[Start of Attachment]
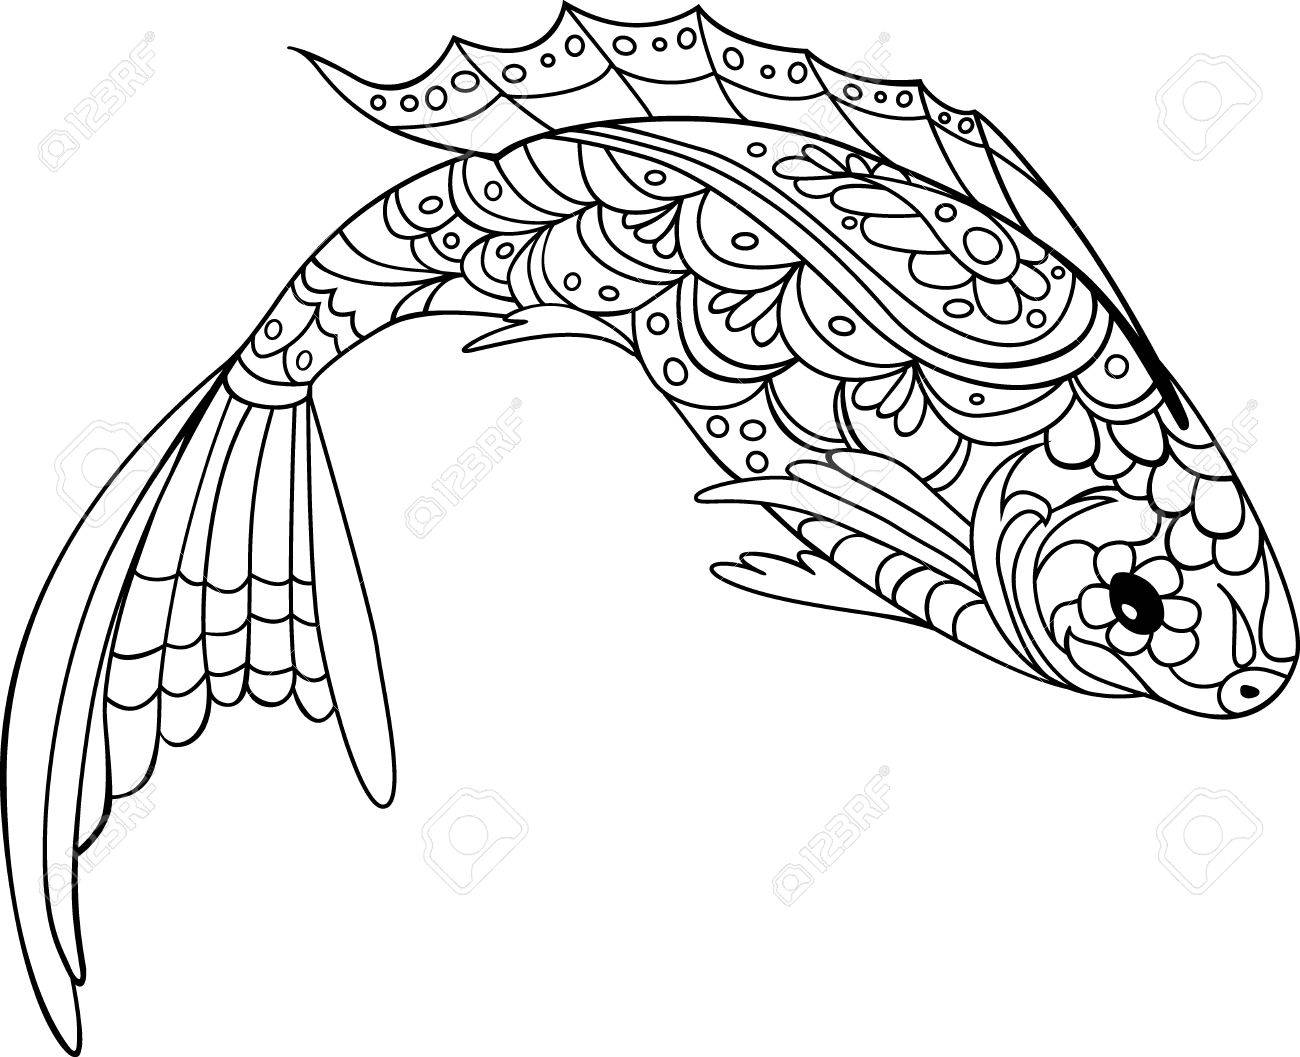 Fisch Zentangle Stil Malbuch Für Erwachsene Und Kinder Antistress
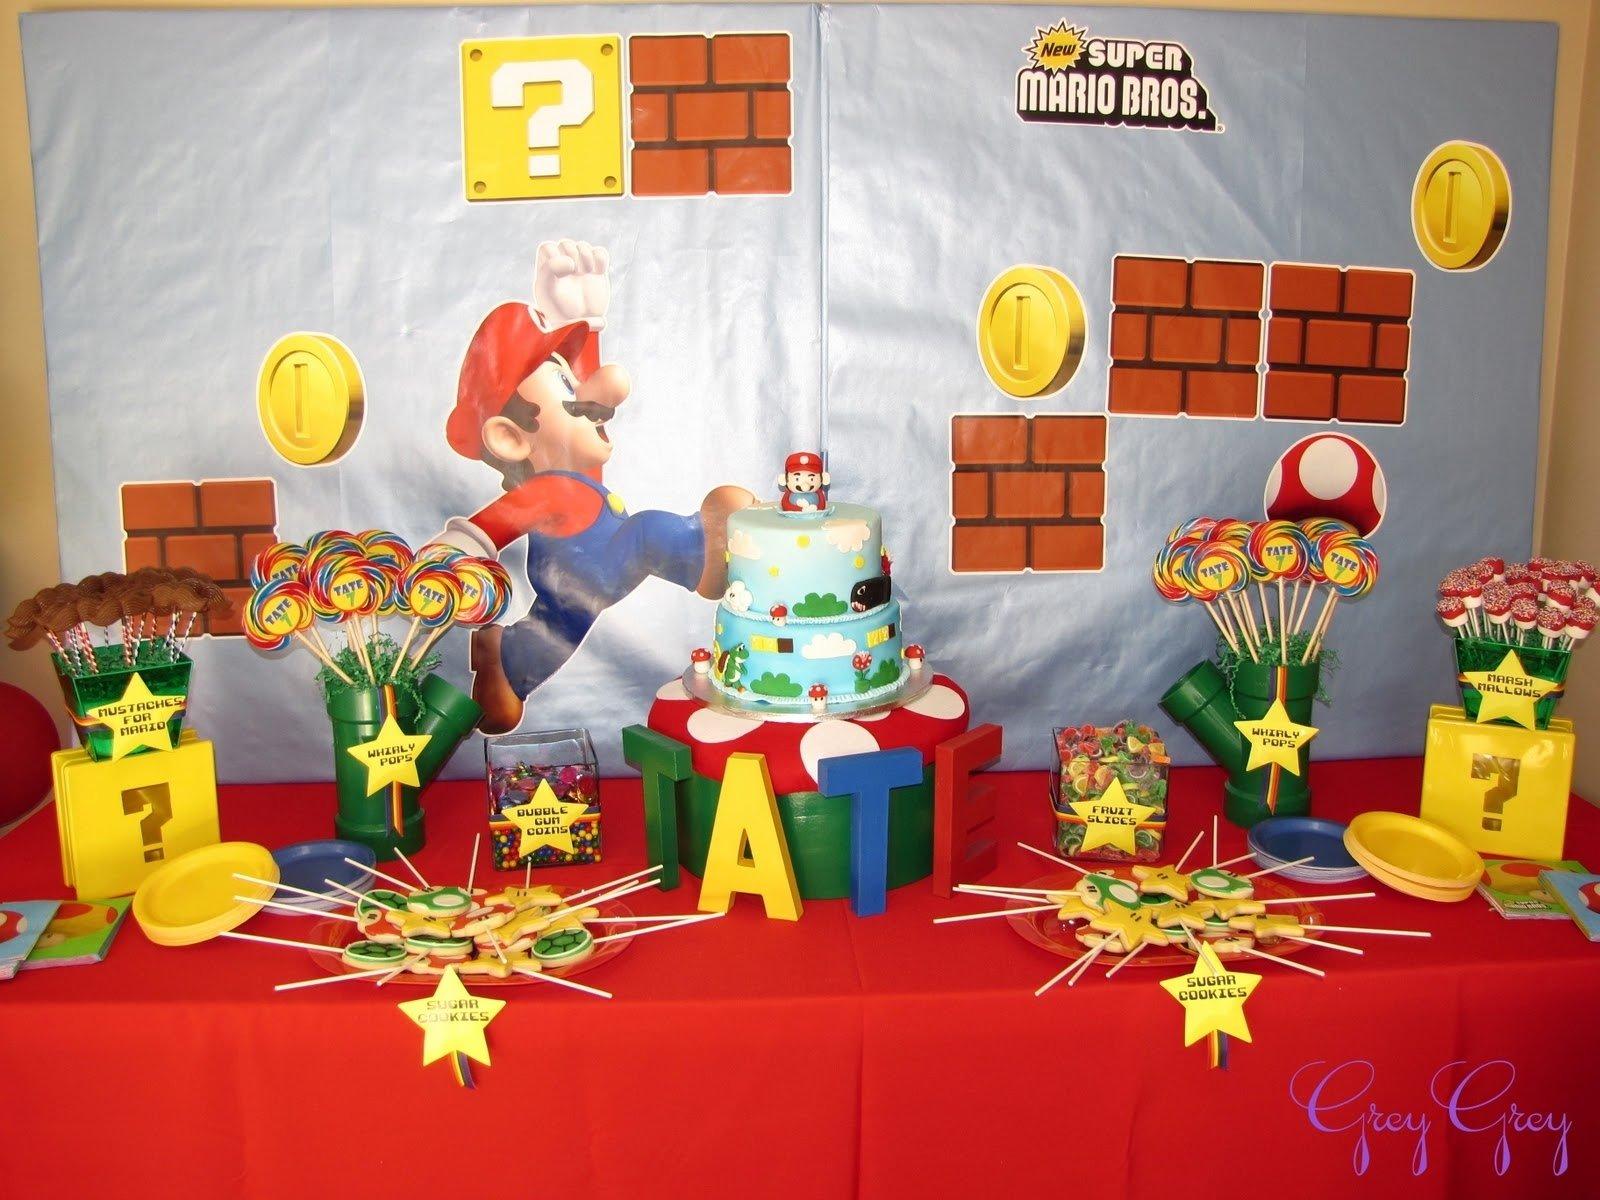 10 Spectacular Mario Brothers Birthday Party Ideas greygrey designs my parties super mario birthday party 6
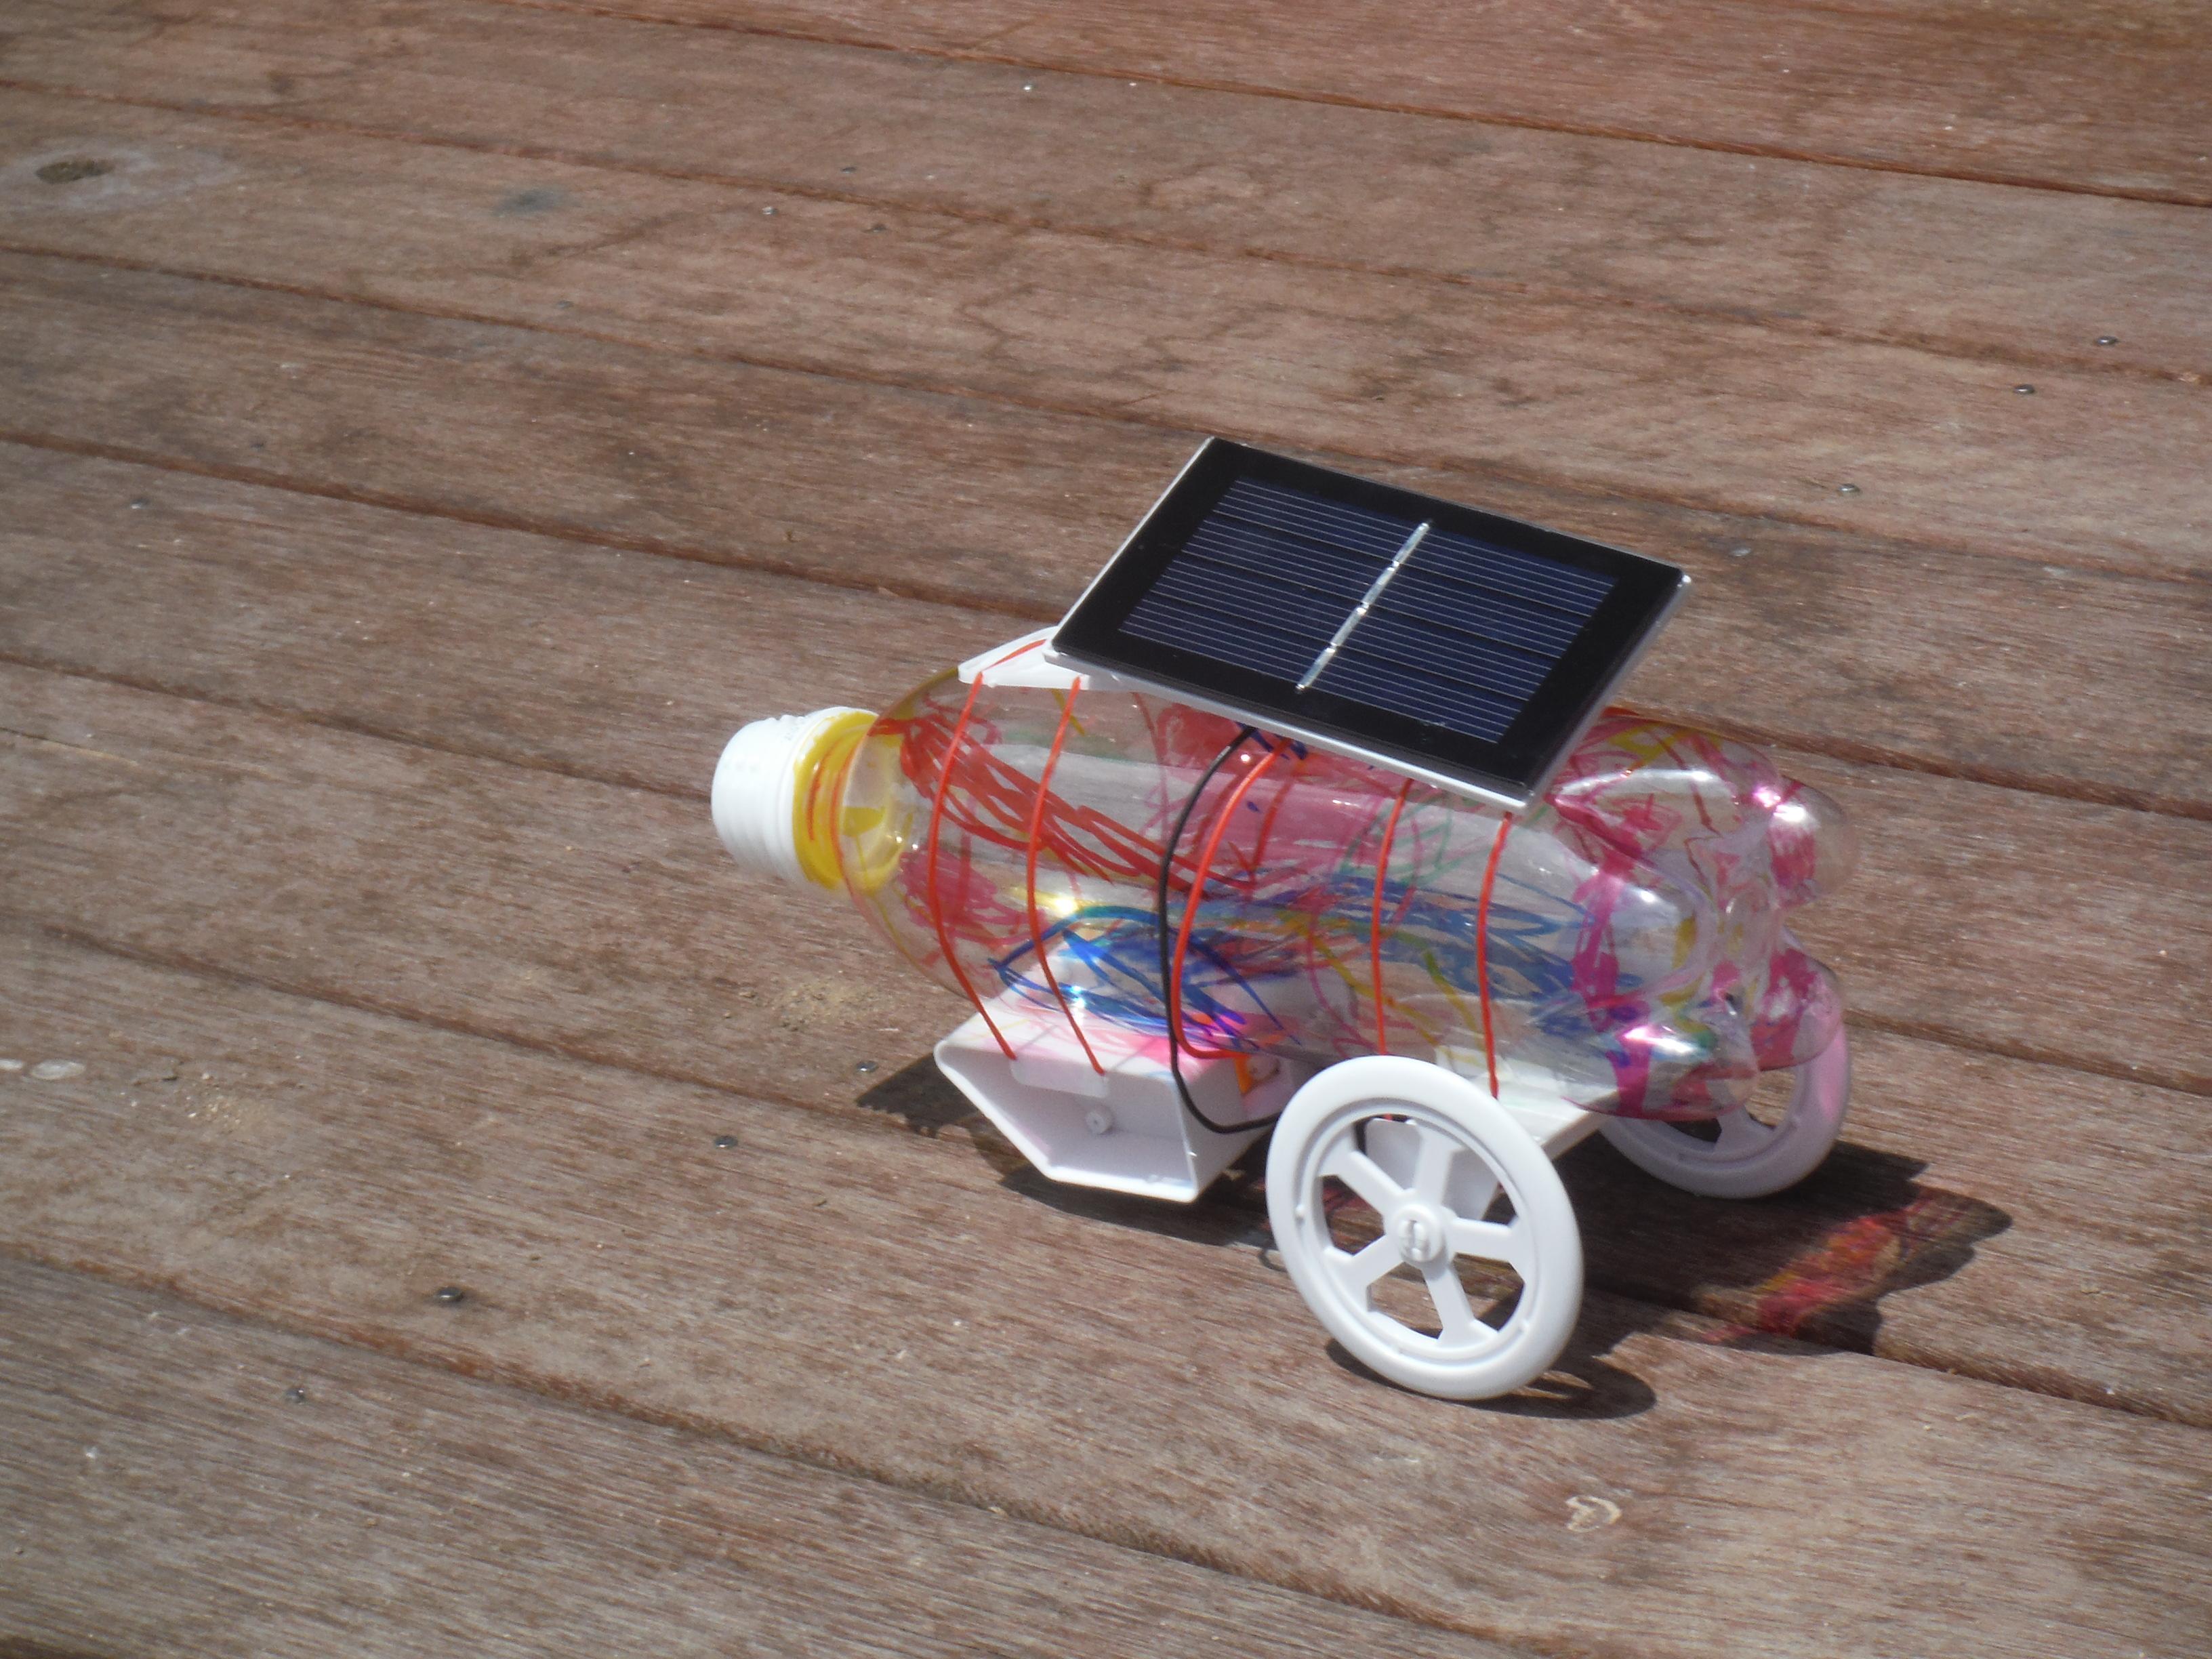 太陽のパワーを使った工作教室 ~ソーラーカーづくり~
[End of Attachment]
● **Directions**
What you return must match, line for line, the span from the line containing "10 Spectacular Mario" through the last line of the listing above, with every picture omitted.

● **Response**
 10 Spectacular Mario Brothers Birthday Party Ideas greygrey designs my parties super mario birthday party 6
 太陽のパワーを使った工作教室 ~ソーラーカーづくり~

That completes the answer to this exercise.